Annealing Genetic GAN for Imbalanced Web Data Learning

Class imbalance is one of the most basic and important problems of web data. The key to overcoming the class imbalance problems is to increase the effective instances of the minority, that is, data augmentation. Generative Adversarial Networks (GANs), which have recently been successfully applied in the field of image generation, can be used for data augmentation because they can learn the data distribution given ample training data instances and generate more data. However, learning the distributions from the imbalanced data can make GANs easily get stuck in a local optimum.

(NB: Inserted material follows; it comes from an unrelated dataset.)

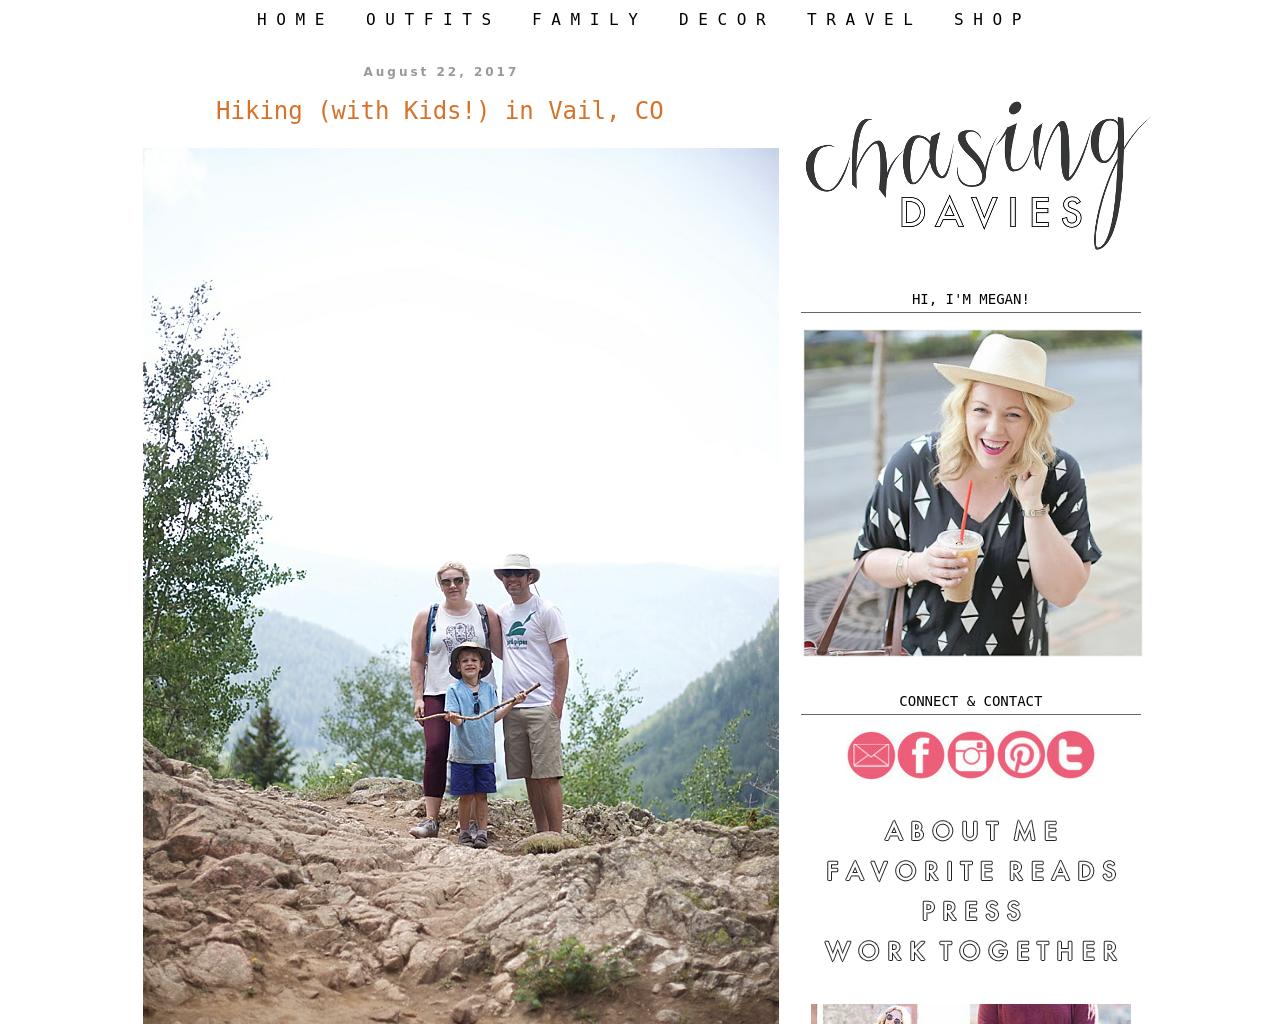 Chasing-Davies-Advertising-Reviews-Pricing

In this work, we propose a new training strategy called Annealing Genetic GAN (AGGAN), which incorporates simulated annealing genetic algorithm into the training process of GANs. And this can help GANs avoid the local optimum trapping problem, which easily occurs when the training set is imbalanced. Unlike existing GANs, which use a fixed adversarial learning objective alternately training a generator, we use multiple adversarial learning objectives to train a set of generators and use the Metropolis criterion in simulated annealing to decide whether the generator should update. More specifically, the Metropolis criterion accepts worse solutions with a certain probability, so it can make our AGGAN escape from the local optimum and find a better solution. Theory and mathematical analysis provide strong theoretical support for the proposed training strategy. And experiments on several datasets demonstrate that AGGAN achieves convincing ability to solve the class imbalanced problem and reduces the training problems inherent in existing GANs.